◆ To do:
From the line that has "Ein wunderschönes Band, das" down to the last line of the data below, set down every line exactly, but none of the pictures.

◆ Information provided:
....
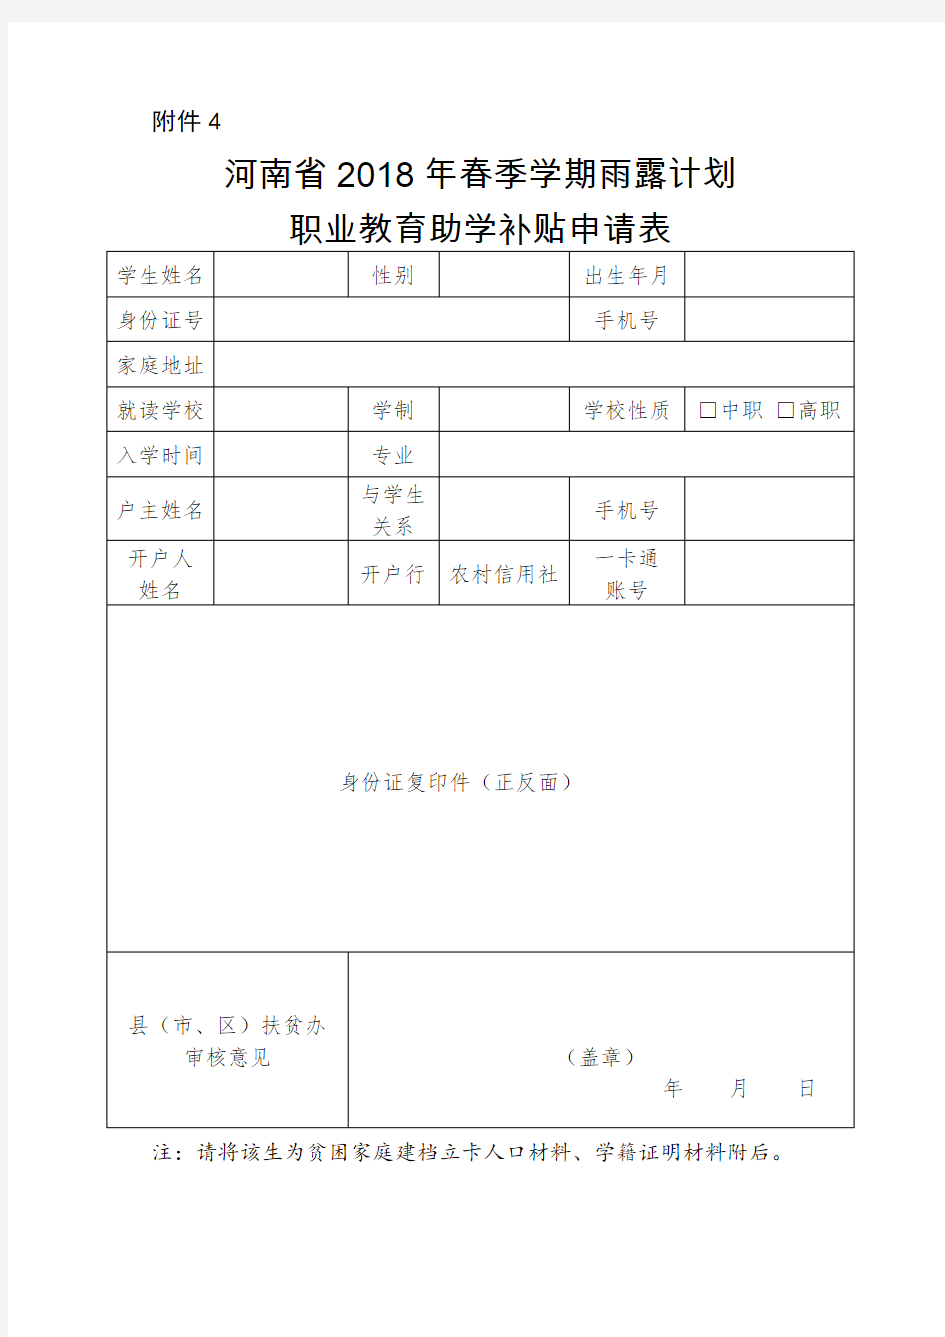 河南省2018年春季学期雨露计划职业教育助学补贴申请表
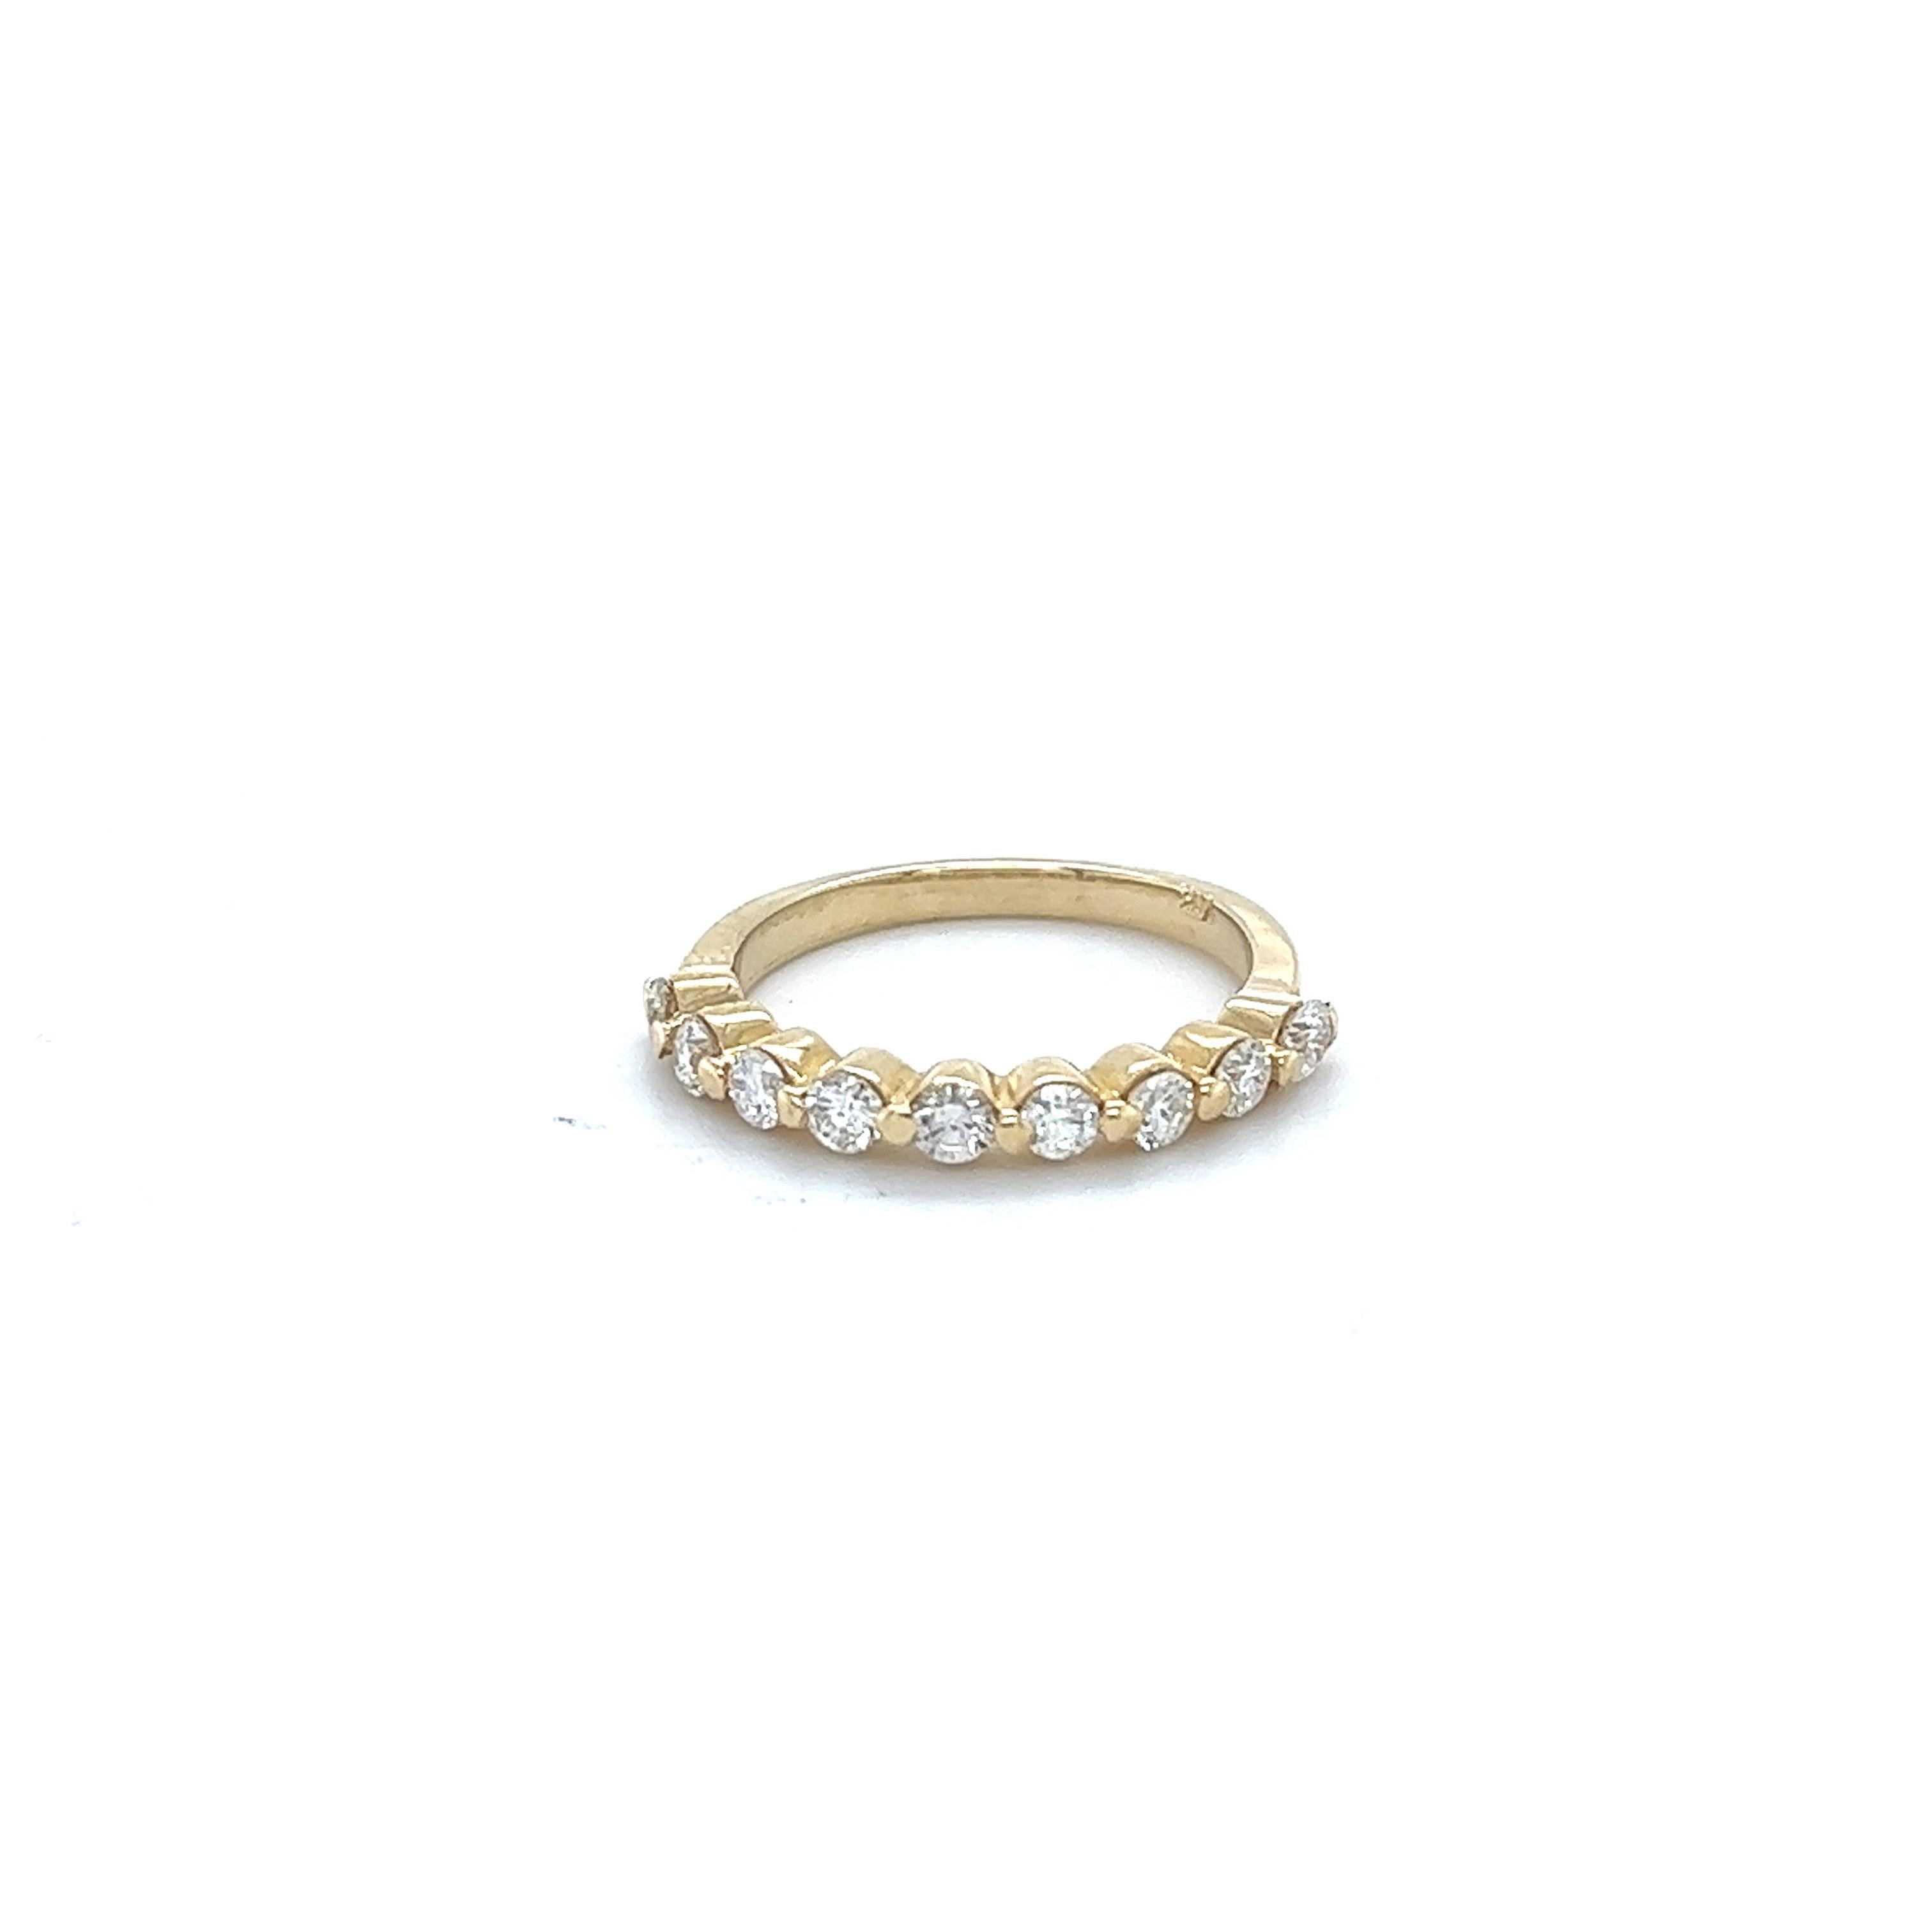 Ein wunderschönes Band, das als einzelnes Band getragen werden kann oder mit anderen Bändern in anderen Goldfarben kombiniert werden kann

Dieser Ring hat 9 Diamanten im Rundschliff mit einem Gewicht von 0,60 Karat. Die Reinheit und Farbe der
....
◆ Solution for this task:
 Ein wunderschönes Band, das als einzelnes Band getragen werden kann oder mit anderen Bändern in anderen Goldfarben kombiniert werden kann

Dieser Ring hat 9 Diamanten im Rundschliff mit einem Gewicht von 0,60 Karat. Die Reinheit und Farbe der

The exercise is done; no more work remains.